Concurrency and connection pressure
The httpserver provides three complementary mechanisms to protect your service under load:
- Concurrent request limiting — caps the number of requests being handled at the same time
- Connection pressure management — caps the number of open TCP connections and proactively reclaims idle ones when the limit is approached
- Connection lifecycle advisor — closes long-lived or high-traffic connections to force reconnection, distributing load across pods in Kubernetes
All three are configured under httpserver.<name> and are disabled by default (except the lifecycle advisor, which is enabled).

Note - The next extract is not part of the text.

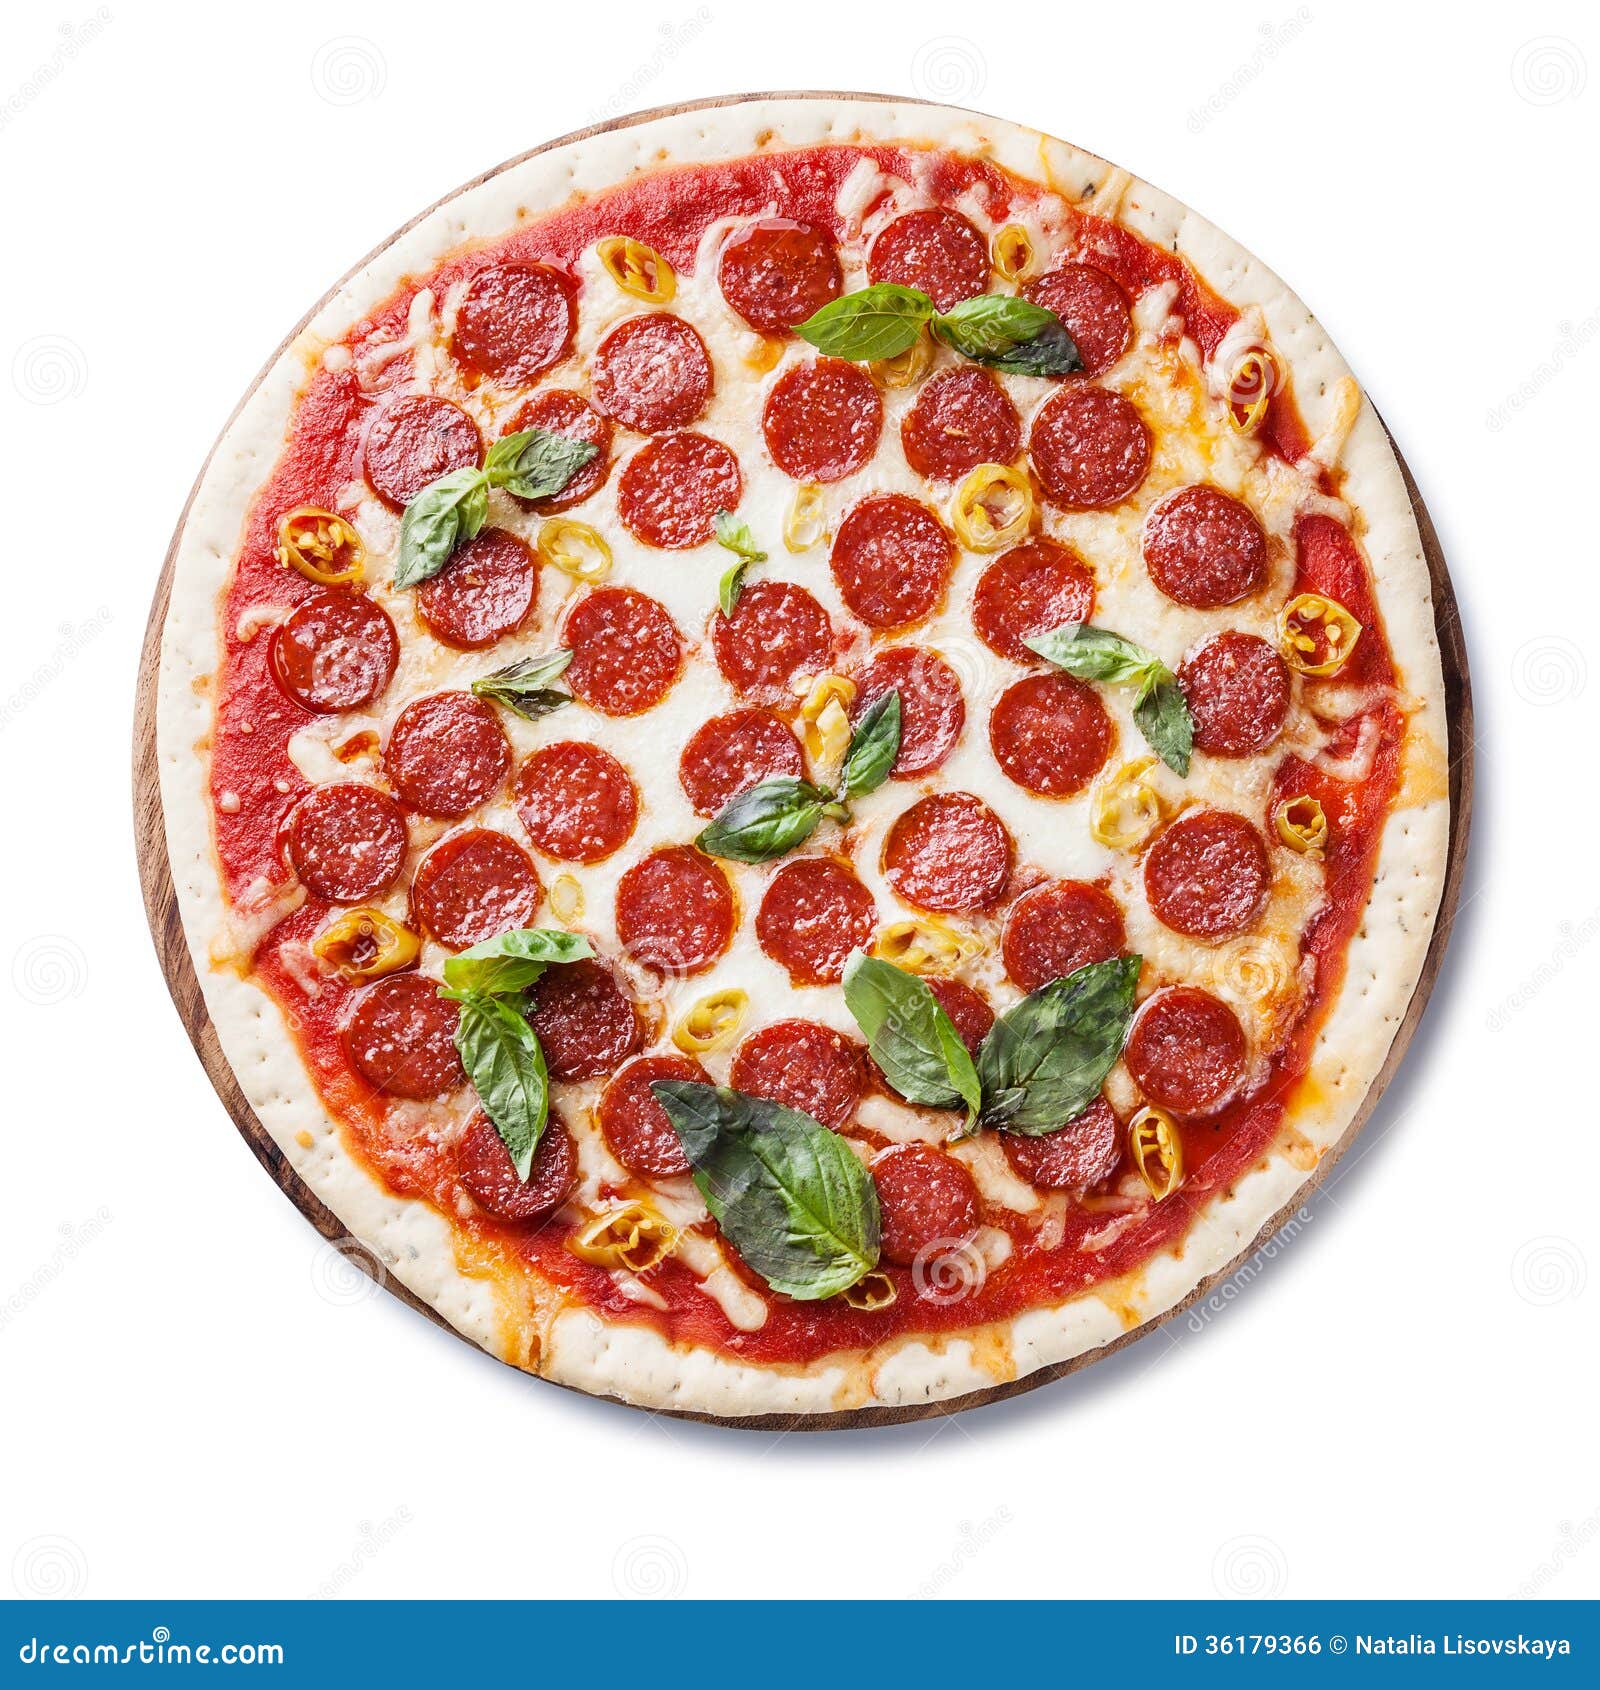 фото пиццы на белом фоне пепперони фото 29

Limiting concurrent requests
max_requests sets the maximum number of requests that can be handled concurrently. When the limit is reached, new requests are rejected immediately — they are never queued.
httpserver:
default:
concurrency:
max_requests: 200
overload_status_code: 503
retry_after: 1s
When the limit is hit, the server responds with overload_status_code (default 503) and a JSON body:
{"error": "server overloaded"}
If retry_after is set, a Retry-After header is included in the response with the value rounded up to the nearest second. This lets clients and upstream proxies back off before retrying.
Set max_requests: 0 (the default) to disable this limit.
| Field | Type | Default | Description |
|---|---|---|---|
max_requests | int | 0 | Maximum concurrent requests. 0 disables the limit. |
overload_status_code | int | 503 | HTTP status code returned when the limit is reached. |
retry_after | duration | 0 | Value for the Retry-After response header. 0 omits the header. |
The /health endpoint is registered before the concurrency middleware, so health checks are never blocked by the request limit.
Connection pressure management
max_connections sets a target ceiling on open TCP connections. When this limit is reached, the server does not immediately reject new connections. Instead it proactively closes the oldest idle connection to free a slot before accepting the new one.
httpserver:
default:
concurrency:
max_connections: 1000
The mechanism works at the listener level:
- When a new connection arrives and the limit is already reached, the server attempts to close the oldest idle (keep-alive) connection first.
- If no idle connections are available, the accept blocks until a connection slot is freed — either by an existing connection closing normally, or by a connection transitioning to idle.
- This repeats until a slot is available.
This approach prevents connection exhaustion while maximising connection reuse: active connections are never forcibly closed, only idle ones are reclaimed under pressure.
Set max_connections: 0 (the default) to disable this limit.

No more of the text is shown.